INFORMATION SUPPLIED:

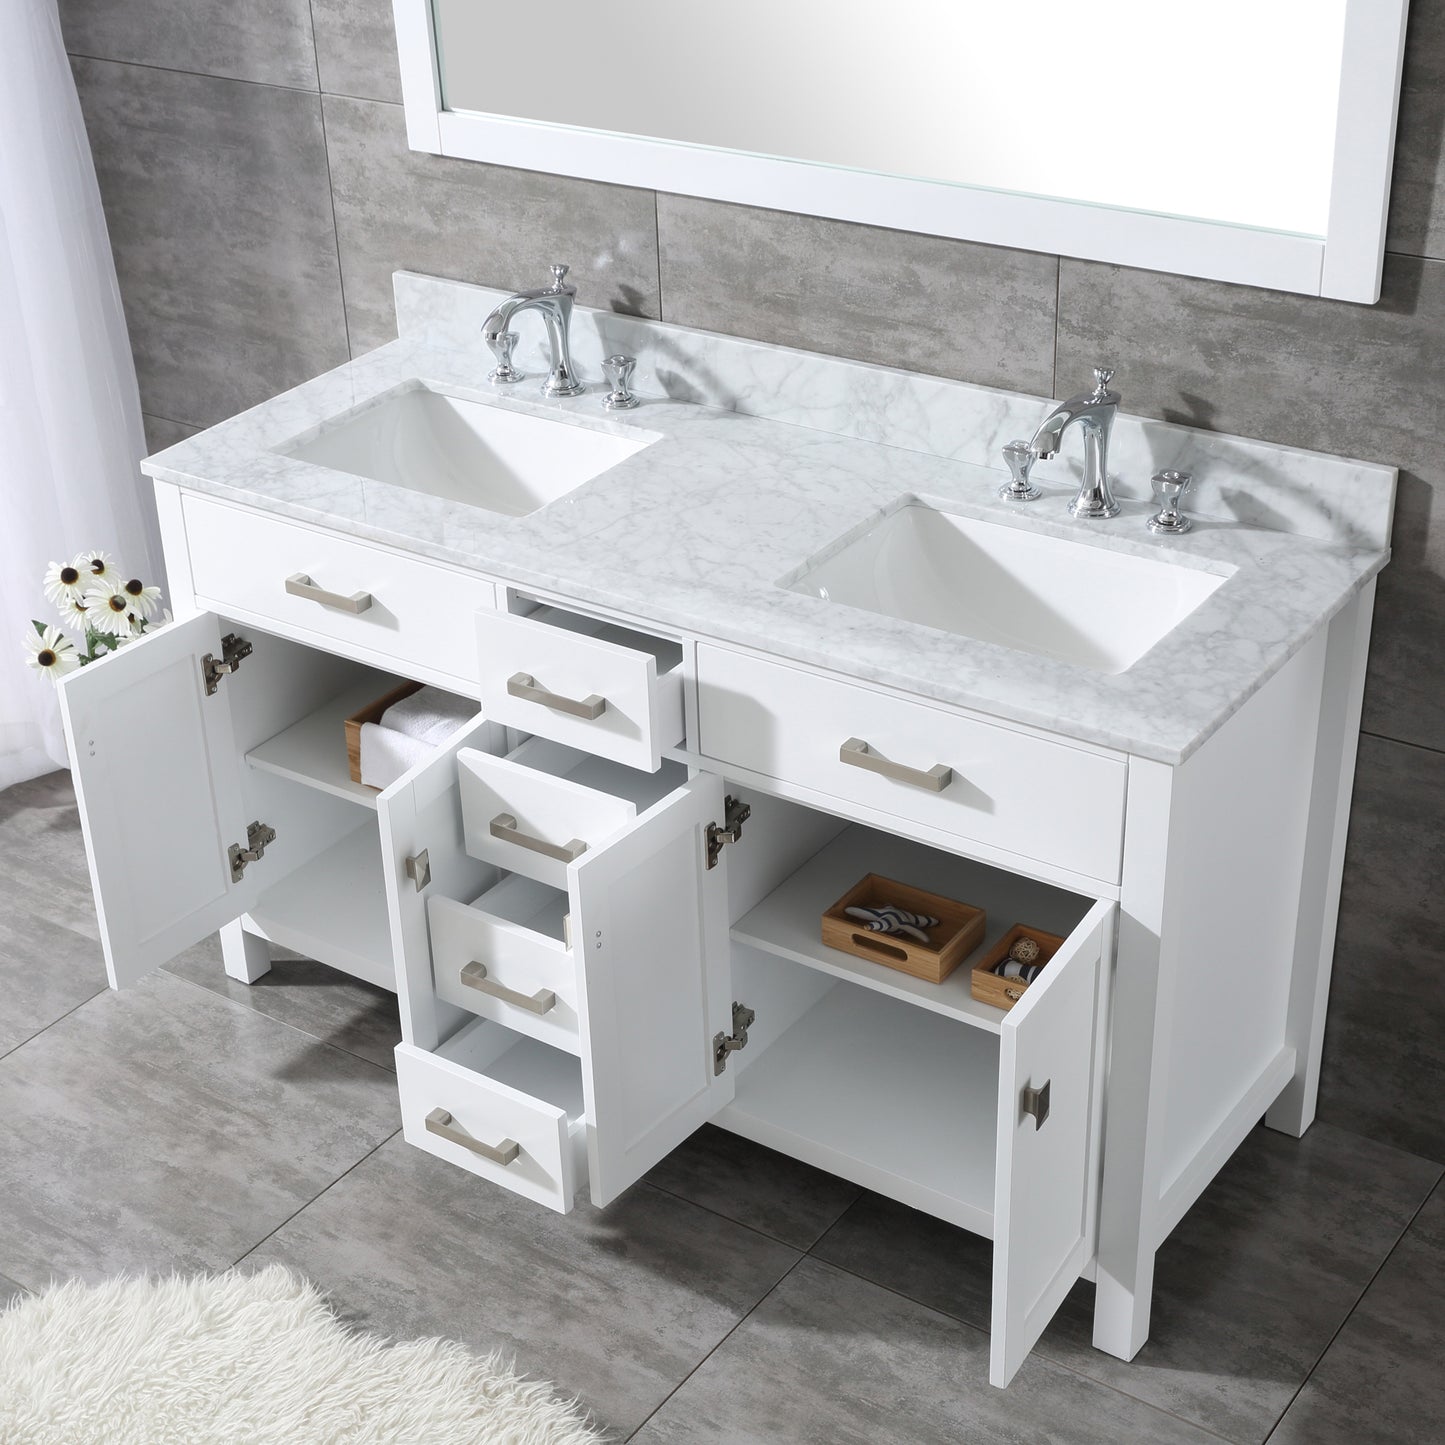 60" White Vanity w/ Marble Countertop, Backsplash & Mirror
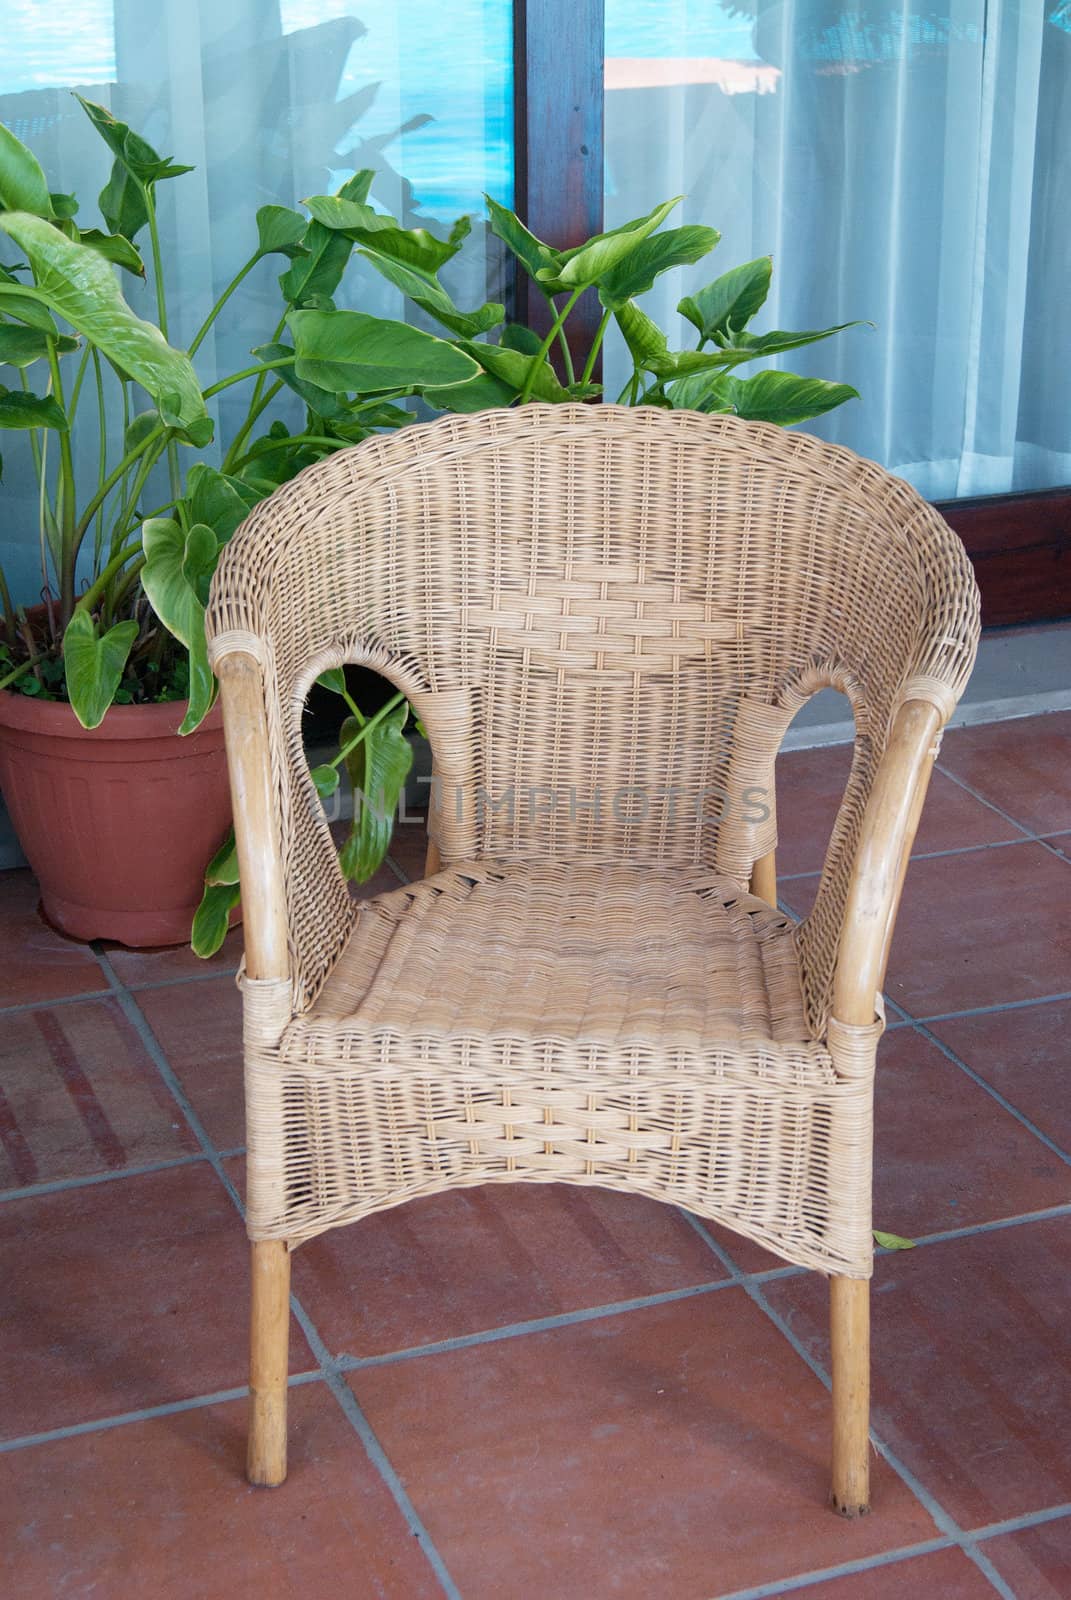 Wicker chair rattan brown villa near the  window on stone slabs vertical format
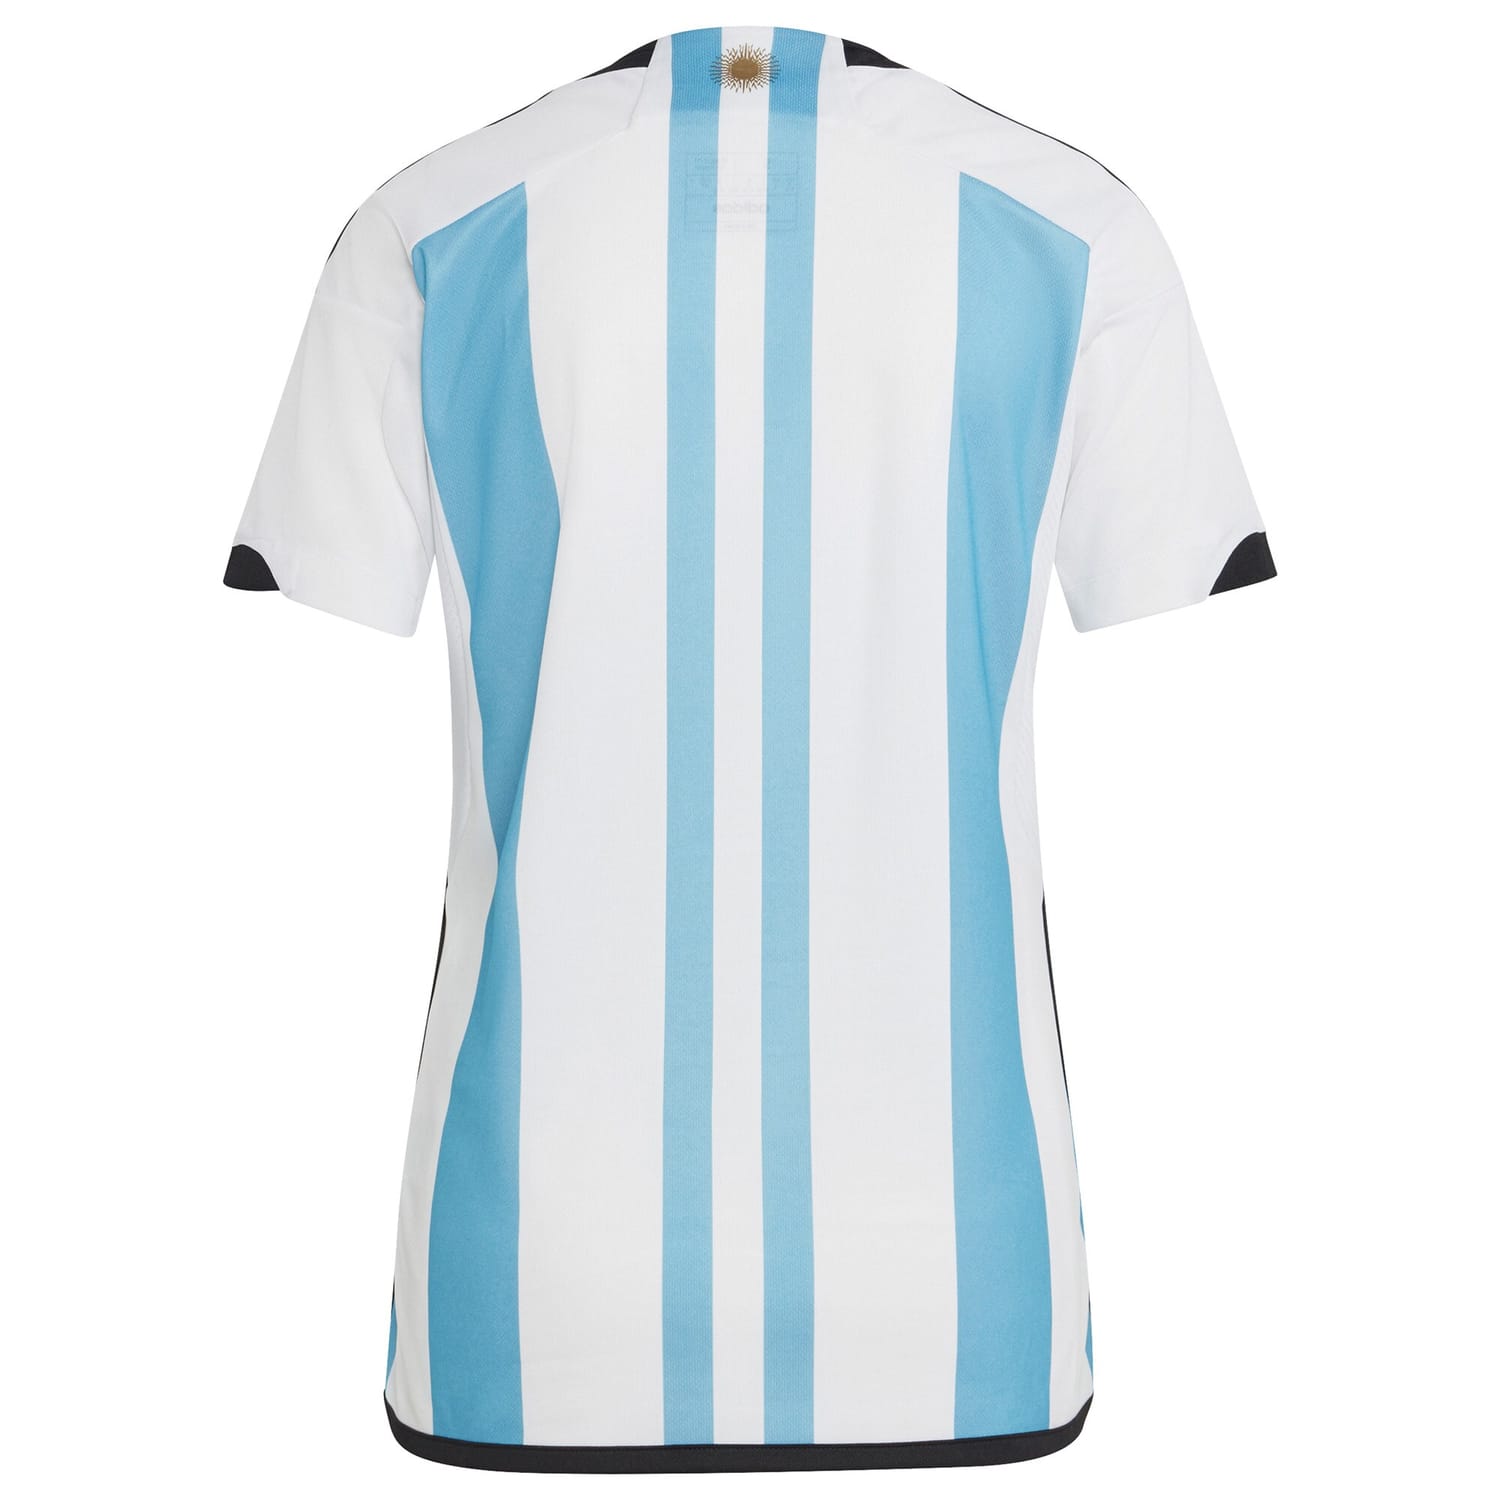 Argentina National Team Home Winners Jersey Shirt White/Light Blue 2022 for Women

DIRECTIONS:
The whole listing above, minus its pictures, is what you should write out word for word.

OUTPUT FOR THIS TASK:
 60" White Vanity w/ Marble Countertop, Backsplash & Mirror
 Wicker chair rattan brown villa near the  window on stone slabs vertical format
 Argentina National Team Home Winners Jersey Shirt White/Light Blue 2022 for Women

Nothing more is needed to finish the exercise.